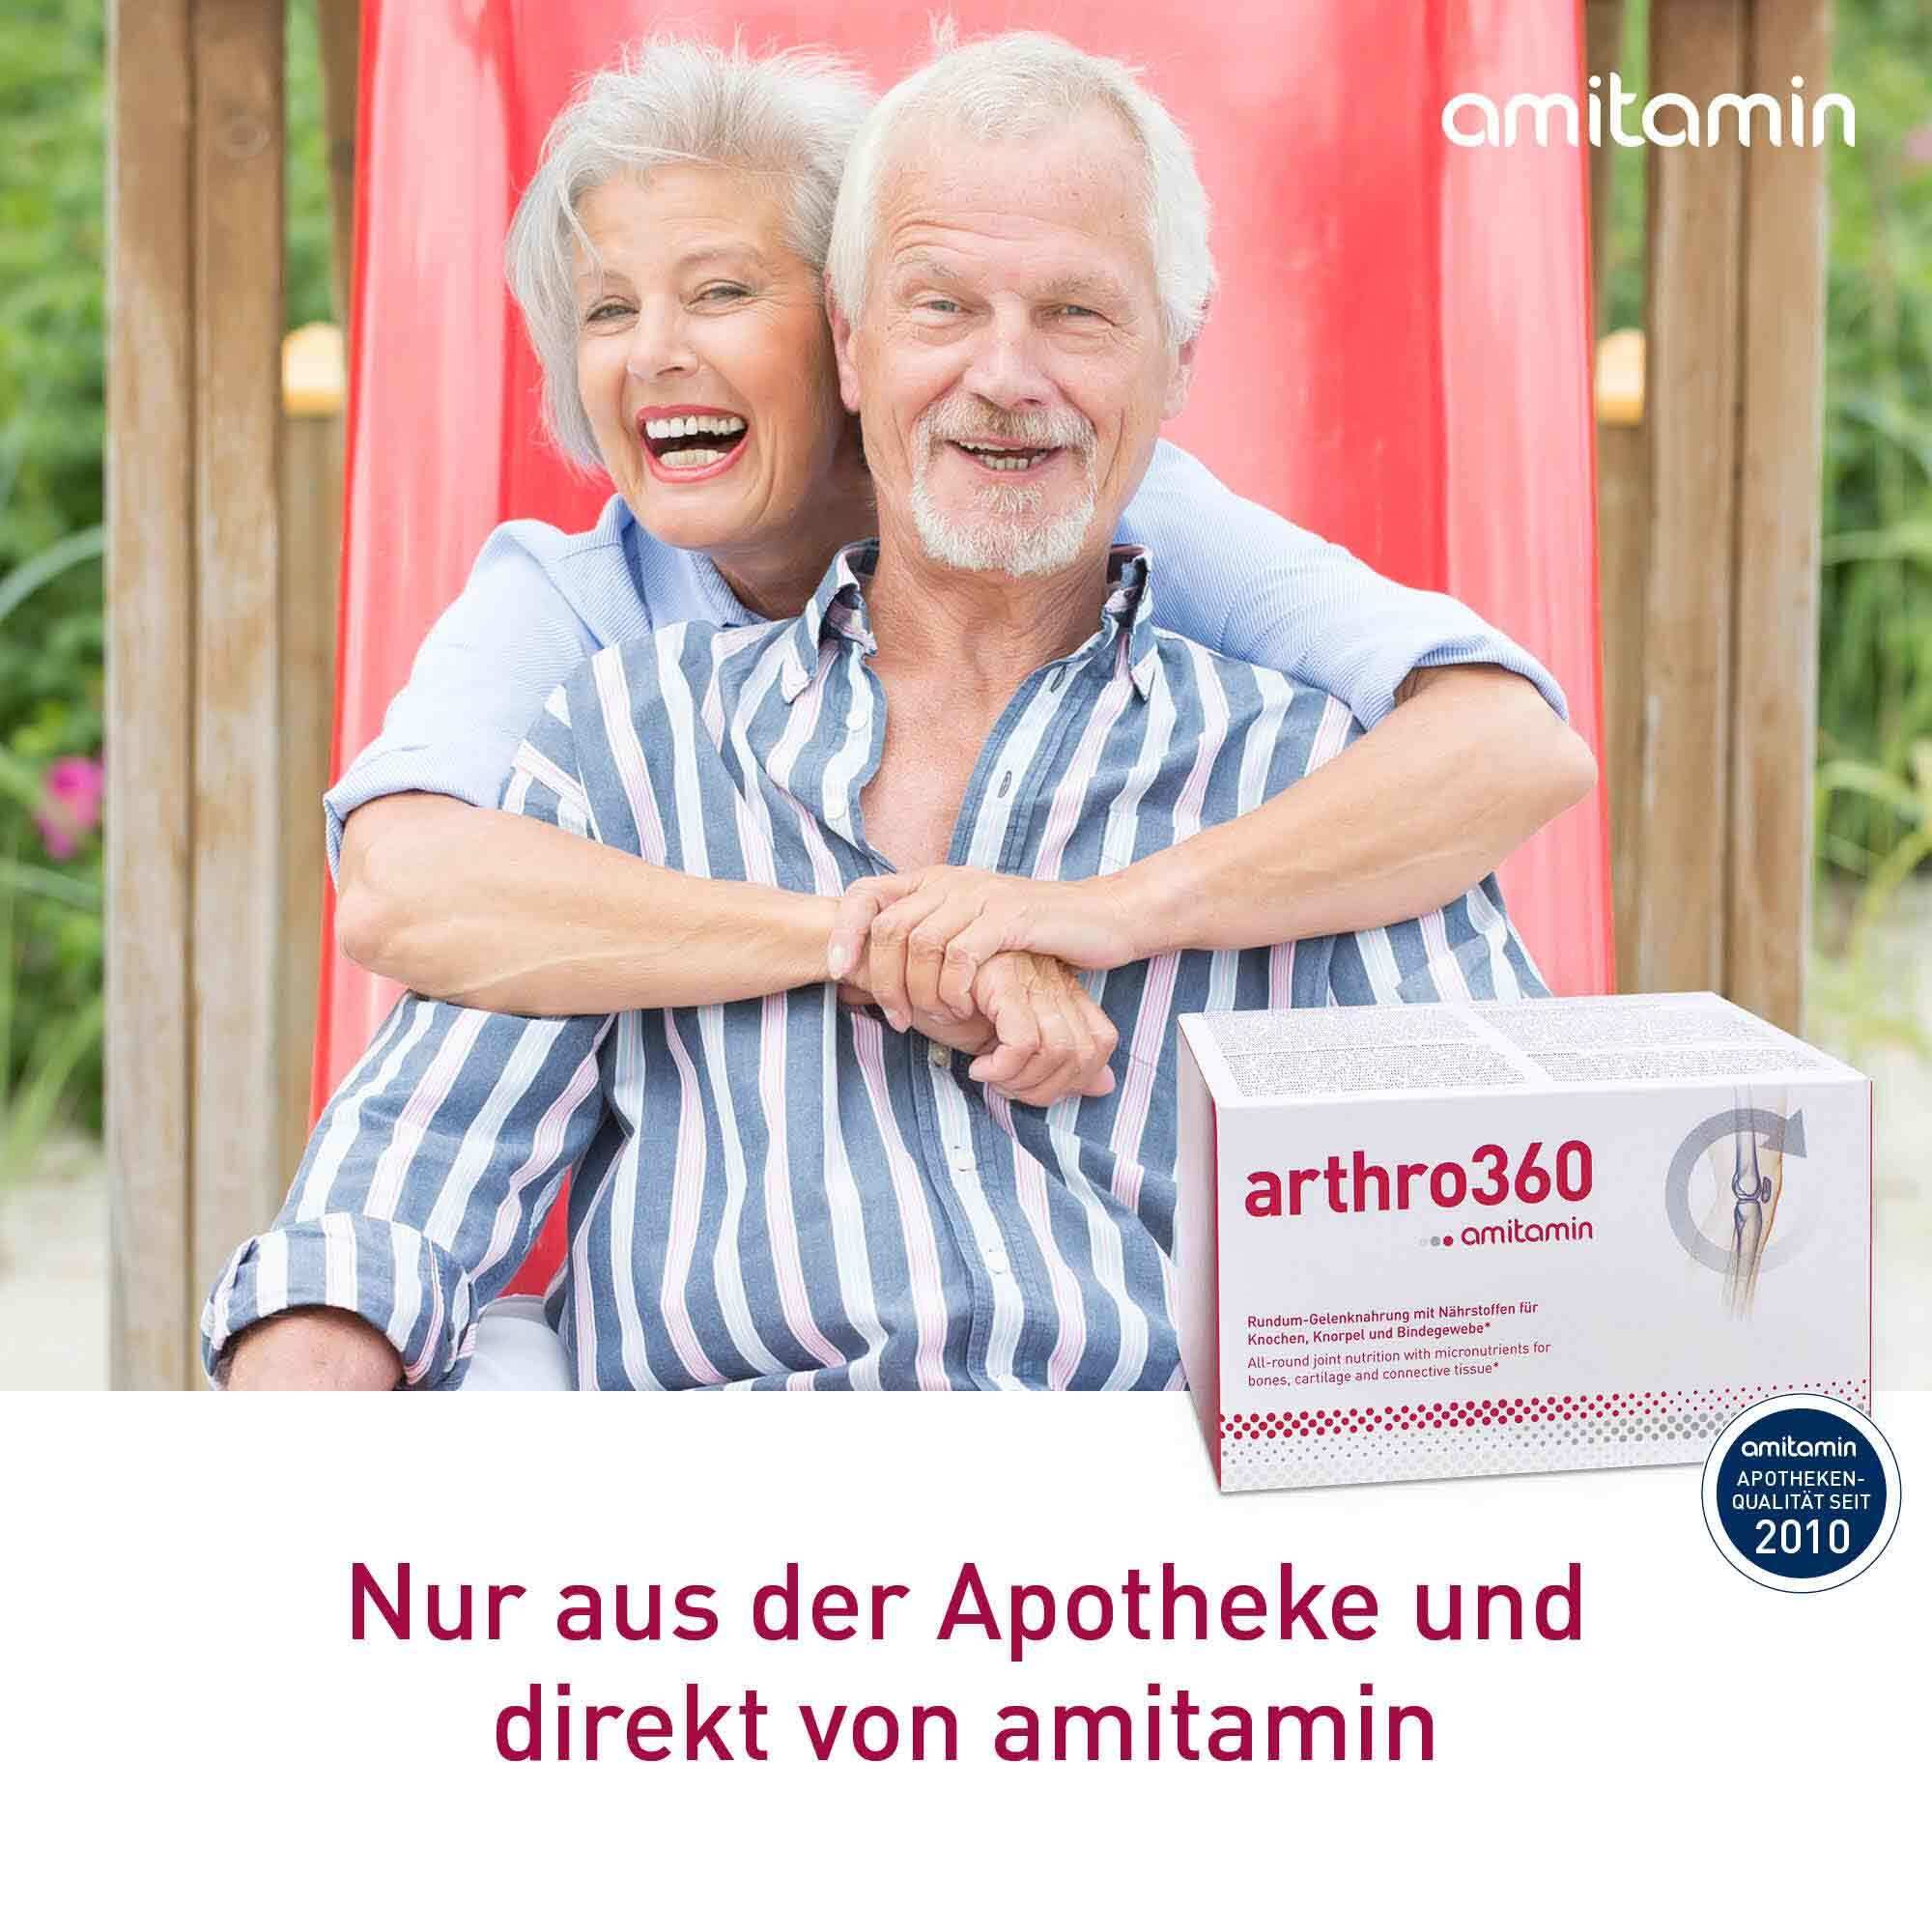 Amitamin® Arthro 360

--

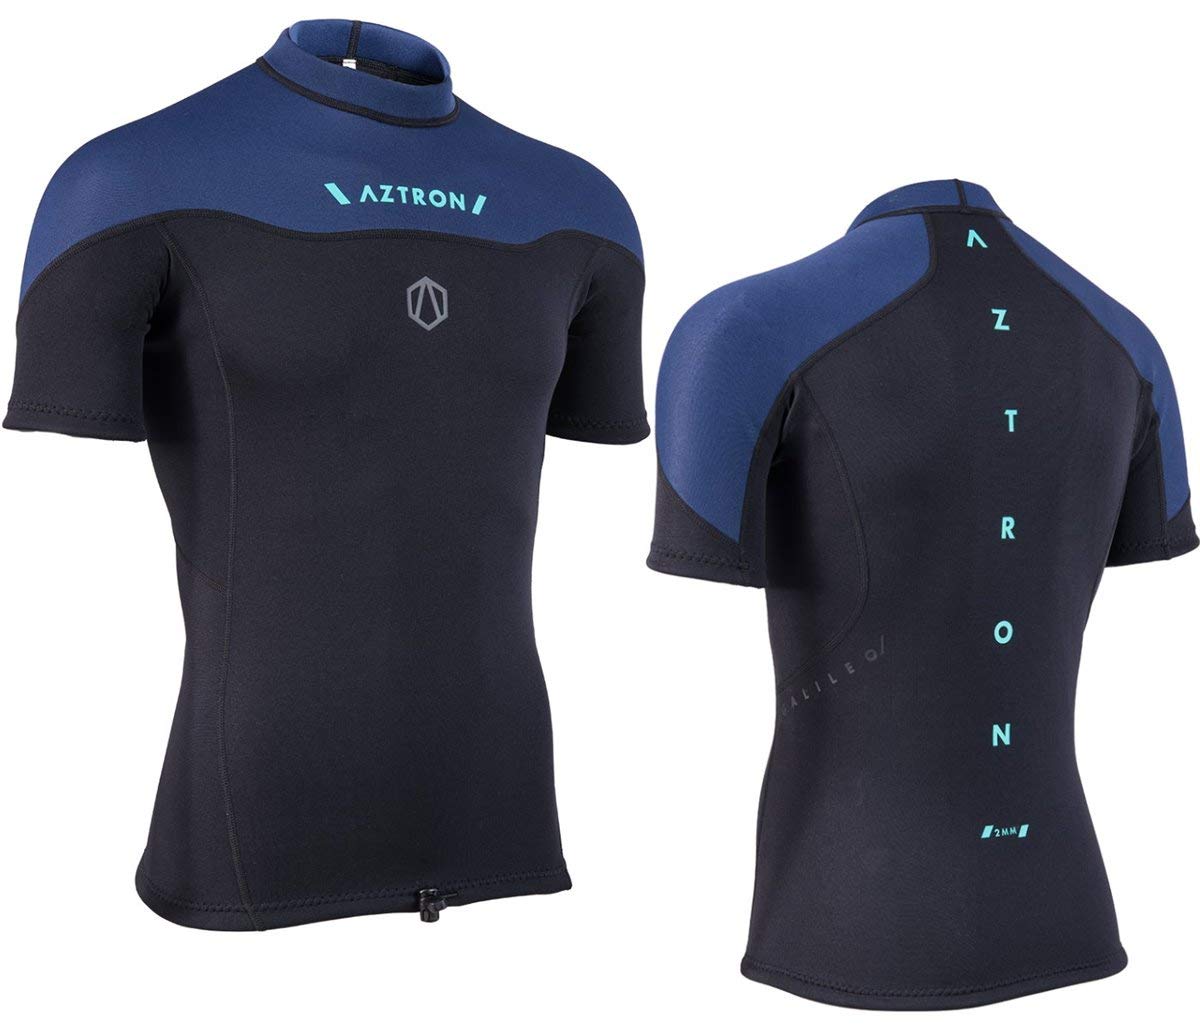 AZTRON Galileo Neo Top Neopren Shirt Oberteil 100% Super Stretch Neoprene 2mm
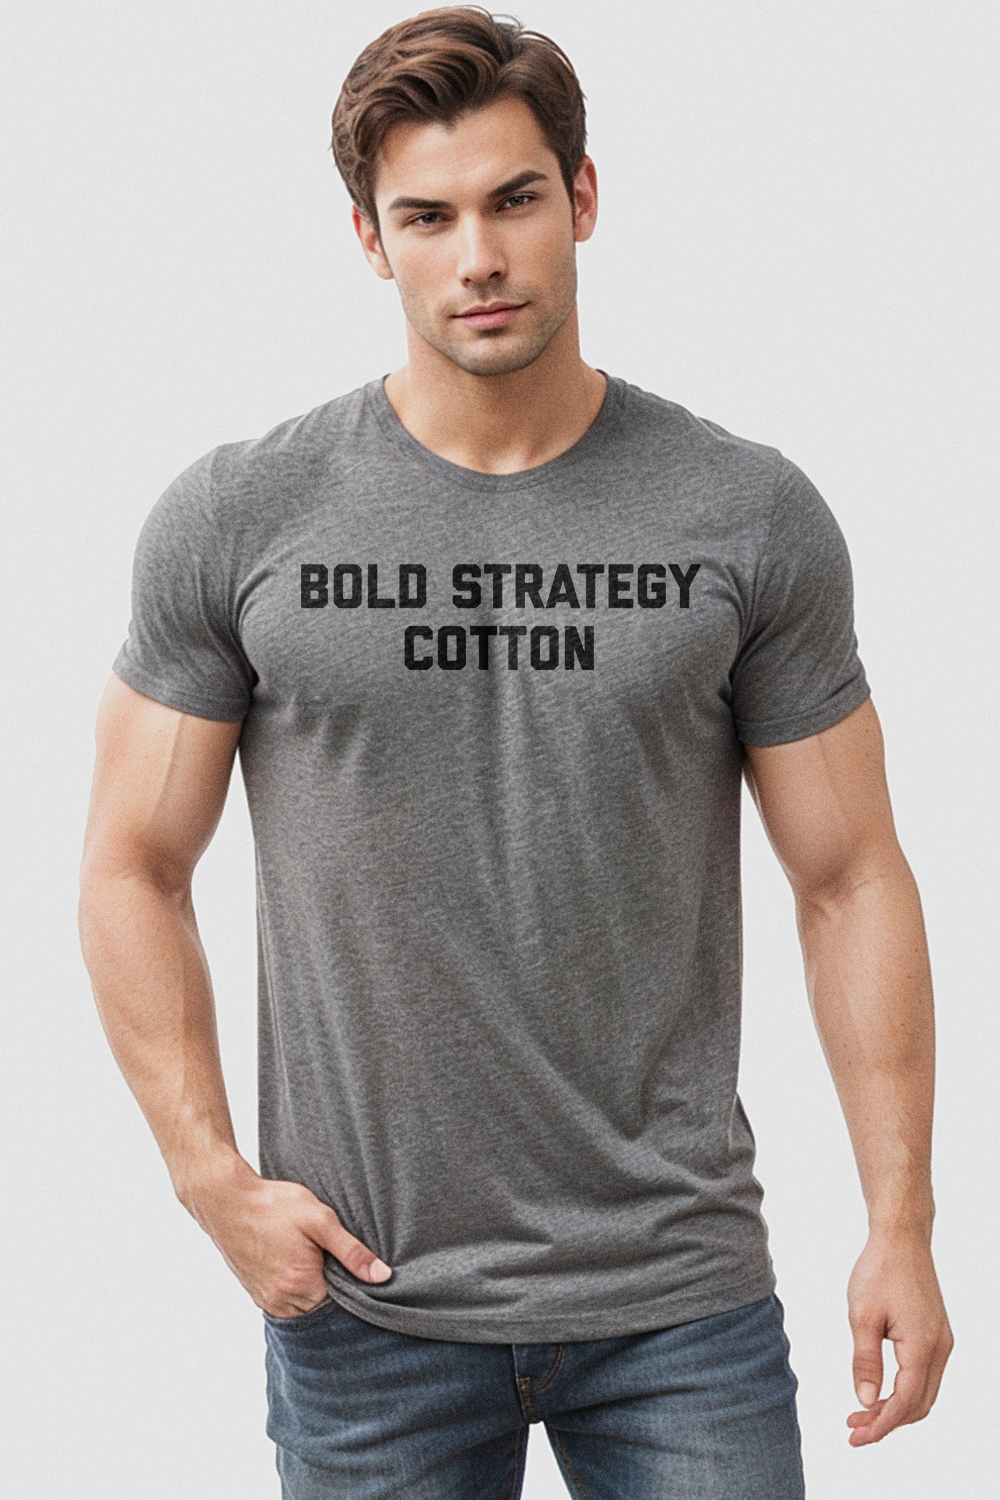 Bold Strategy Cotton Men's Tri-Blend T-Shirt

| Work to be completed |
Each line between the one holding "AZTRON Galileo Neo" and the one holding "Bold Strategy Cotton Men's Tri-Blend T-Shirt", inclusive, should be copied exactly as it appears above, and pictures should be omitted.

| Answer area |
 AZTRON Galileo Neo Top Neopren Shirt Oberteil 100% Super Stretch Neoprene 2mm
 Bold Strategy Cotton Men's Tri-Blend T-Shirt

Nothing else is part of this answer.